Freeman's Mind is a machinima series created by Ross Scott using the Source remake of the 1998 video game Half-Life. It follows the protagonist of the game, Gordon Freeman, also voiced by Scott, who acts as a combination of narrator and running commentary, often criticizing and satirizing the game world's conventions in a style similar to that in Mystery Science Theater 3000. The series ran from 2007 to 2014 and consists of 71 episodes (including episode 0 and two bonus episodes). A sequel series, titled Freeman's Mind 2, debuted in 2017, and is ongoing with 71 episodes in total.

Author
Ross Scott was born in Baton-Rouge, Louisiana, but grew up mostly in Virginia. After having studied criminal psychology, and done odd jobs such as being a night watchman, a helper of the entomology department of Virginia Tech, or part of the technical support for an Internet service provider, Ross Scott created the Freeman's Mind series, about eight years after the release of the game. He was briefly involved with the company Machinima, yet ties were later cut between the two. Ross Scott eventually emigrated to Gdańsk, Poland where he was later married.

Character differences
While the character profile behind the character Gordon Freeman remains mostly the same, he takes on a vastly different personality from the "blank slate" silent protagonist of the original plot. In Freeman's Mind, Gordon is portrayed as an extremely neurotic, selfish, egocentric individual with a history of drug abuse and racketeering, among other juvenile offenses. Gordon's thoughts often consist of his superiority to his colleagues, critiques of the Black Mesa complex, and a fascination with guns.

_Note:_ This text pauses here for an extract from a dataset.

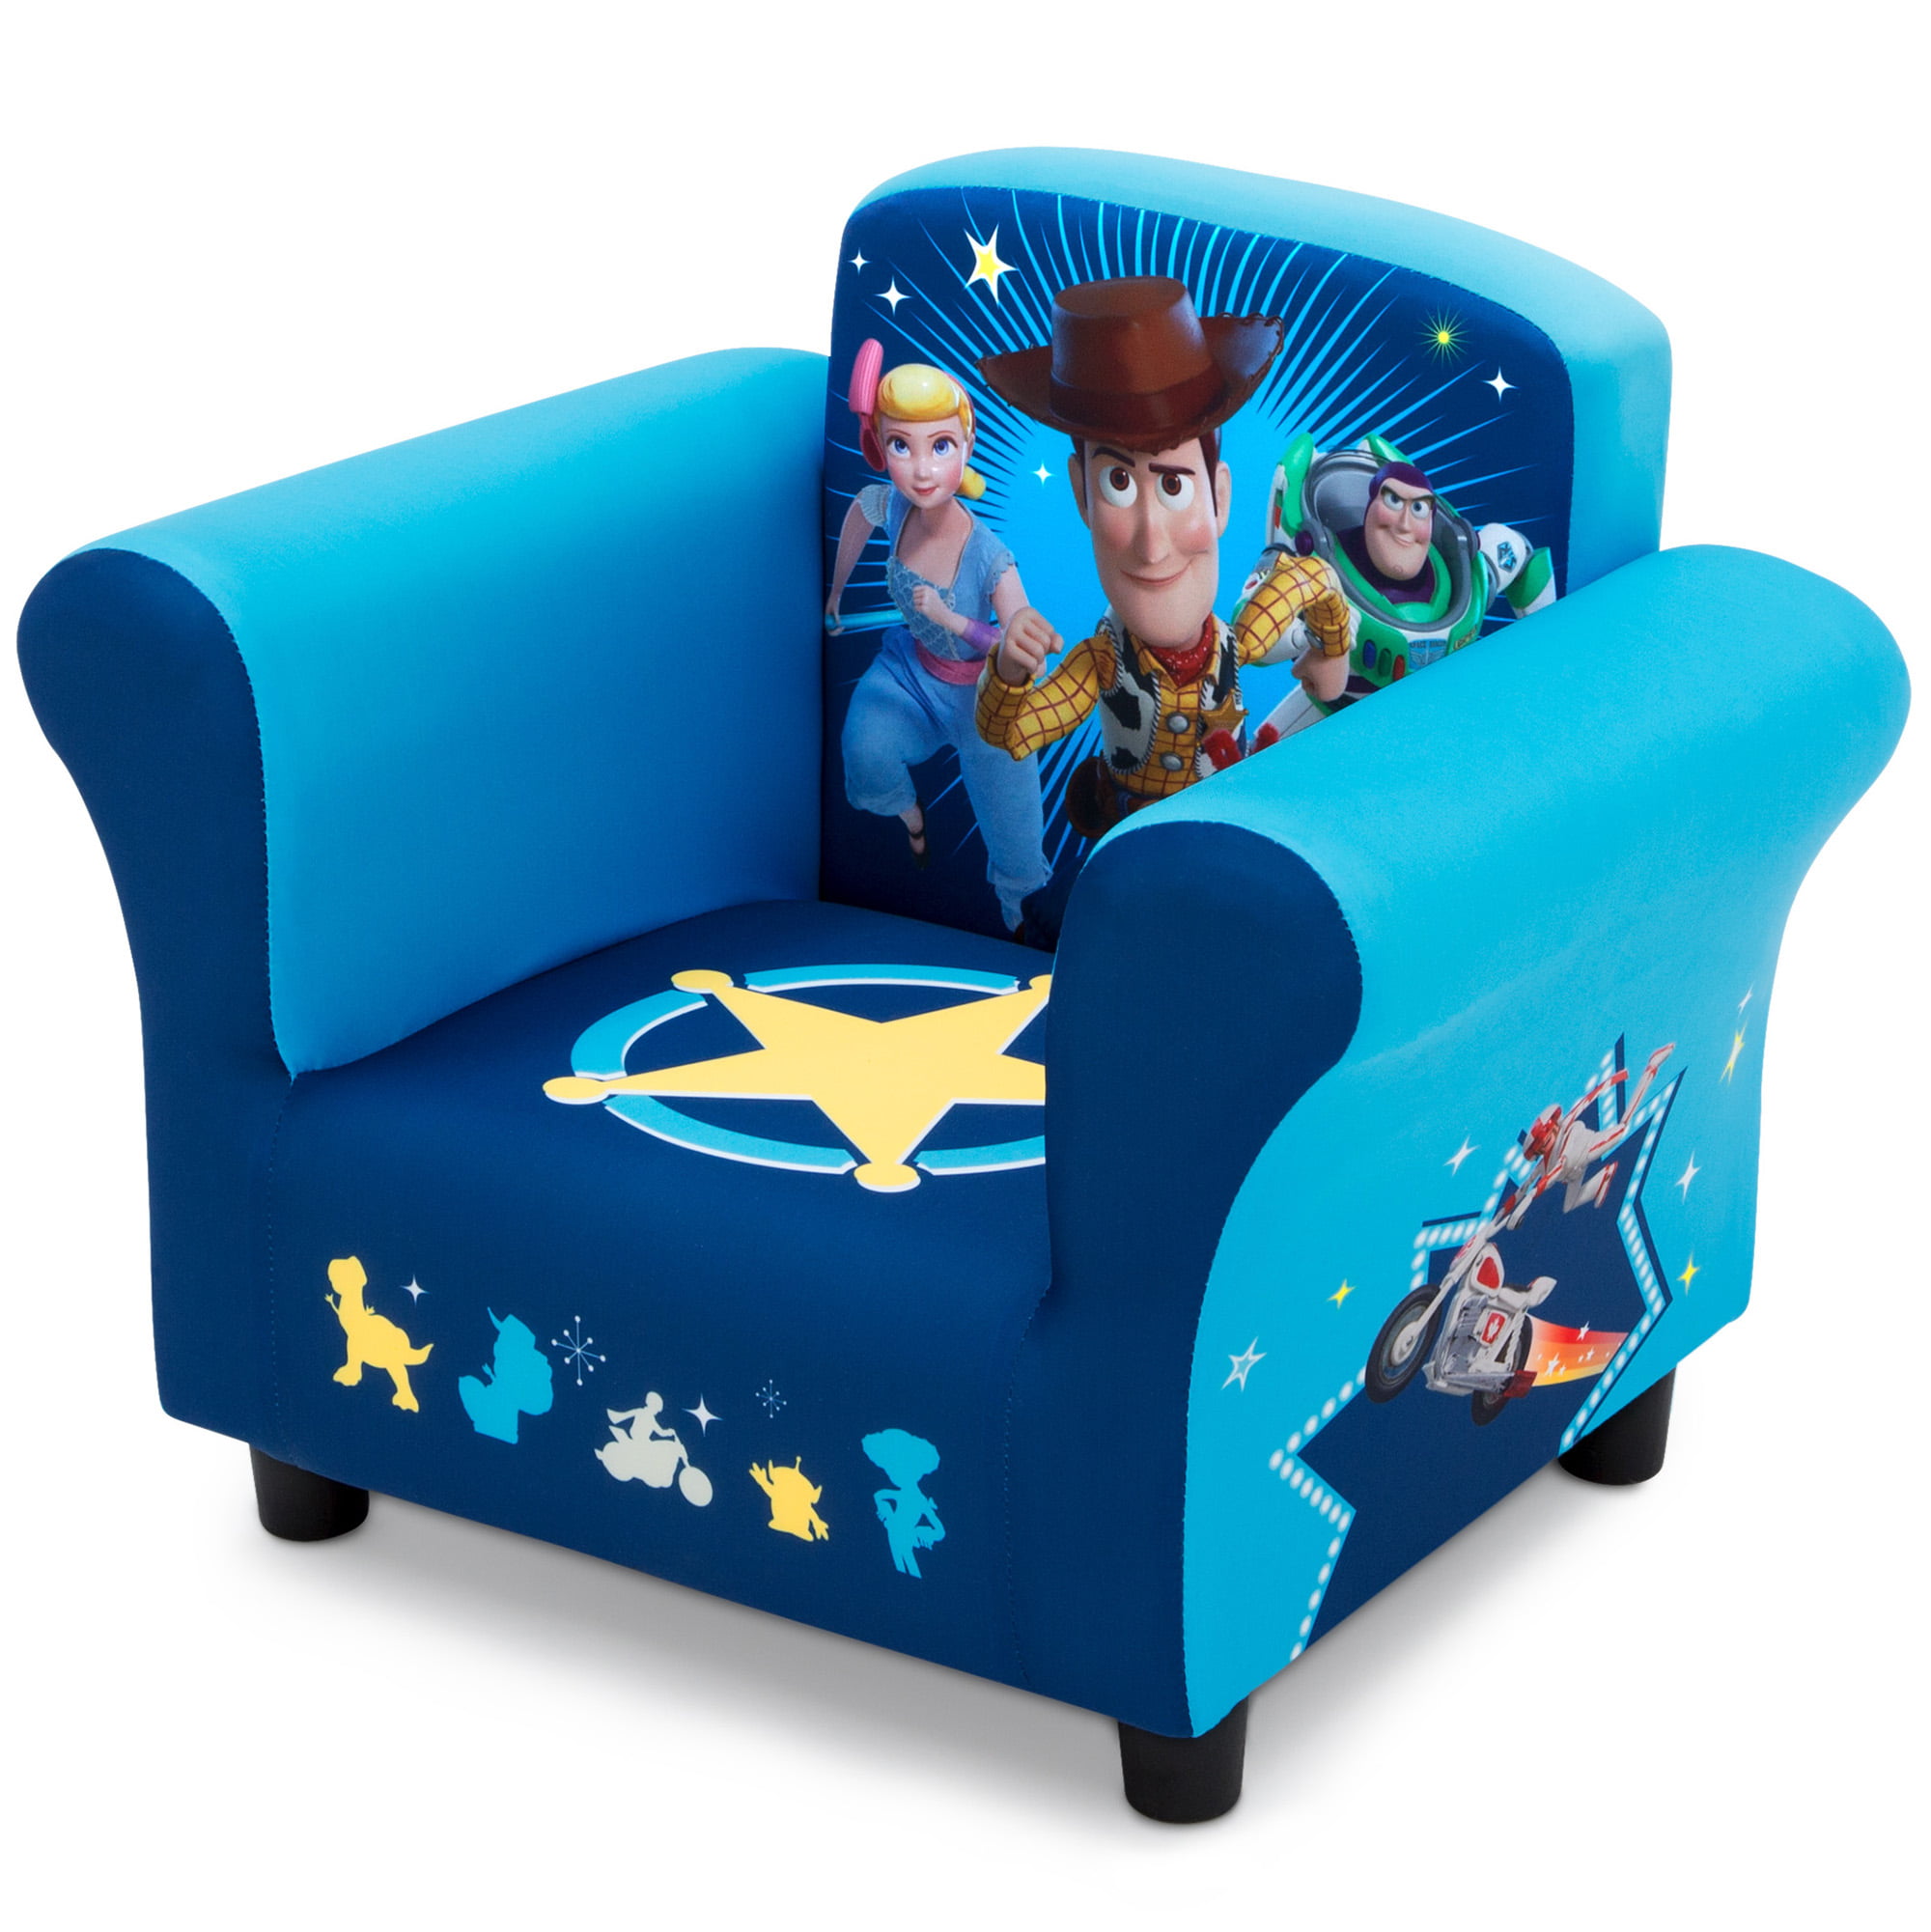 Disney Pixar Toy Story 4 Upholstered Chair Delta Children Kid Gift 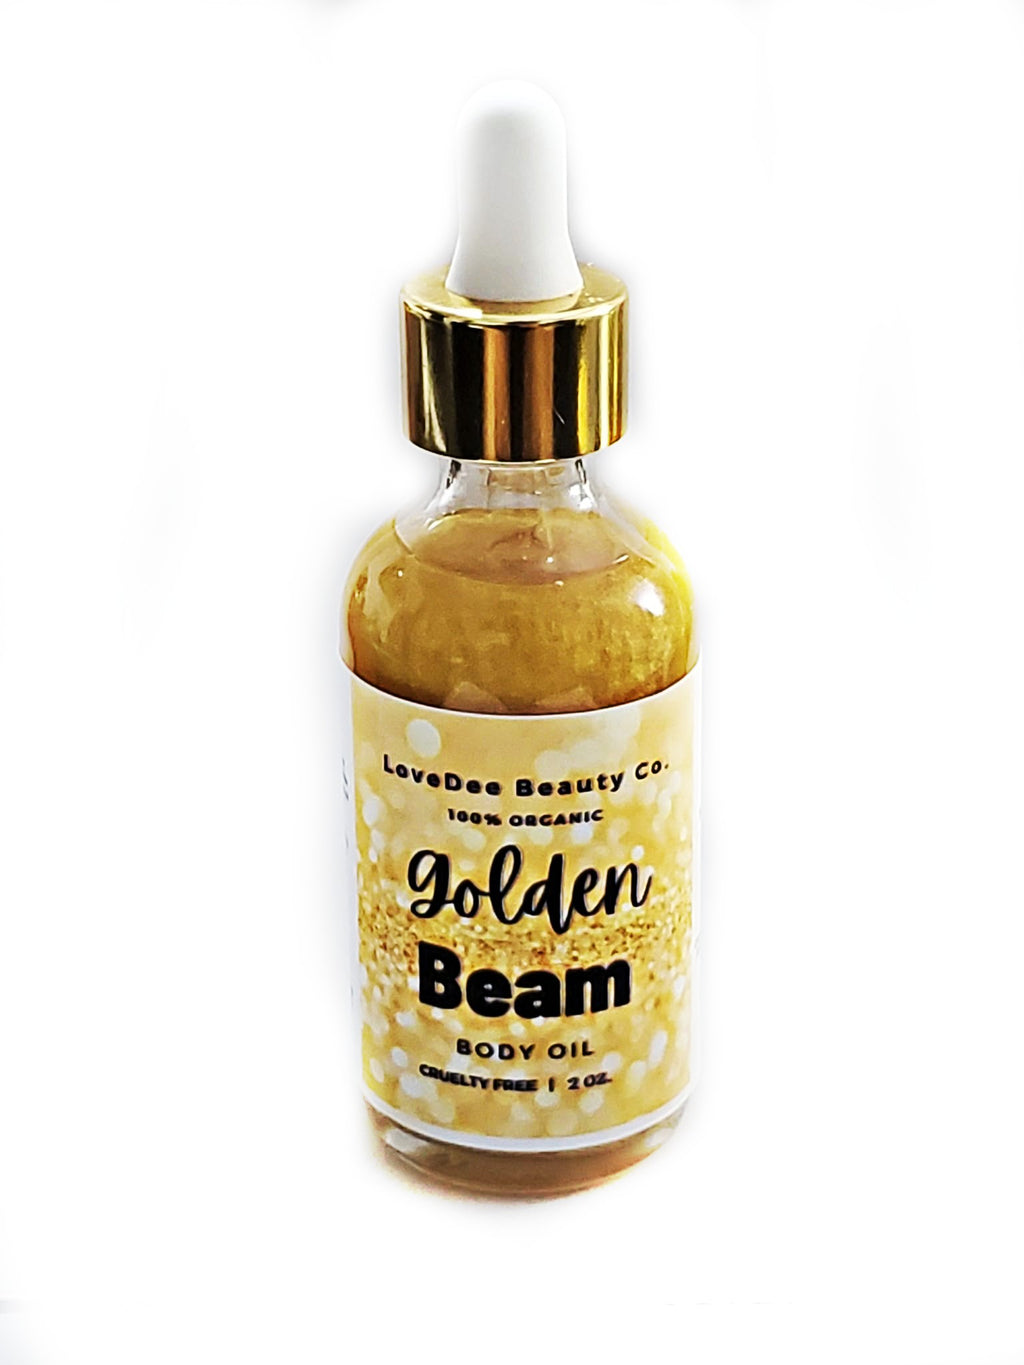 Golden Beam Body Oil

Most of the characters in the series are the same as in the game—vaguely helpful but more often than not telling Gordon what they need him to do. Since Gordon is still perceived as a silent protagonist by the game's non-player characters, virtually every one he interacts with does not react to his inner dialogue. He has a tendency to berate the NPCs for perceived offenses against him, as well as verbally assaulting the intelligence of the soldiers and aliens he meets along the way.

Ross Scott describes Gordon's personality as having "shifting paranoia, egomania, mild schizophrenia, over-aggressiveness, petty motivations, and immaturity in general", and that "the only hint I thought they gave to his personality was how proficient he immediately was in weaponry for being a physicist."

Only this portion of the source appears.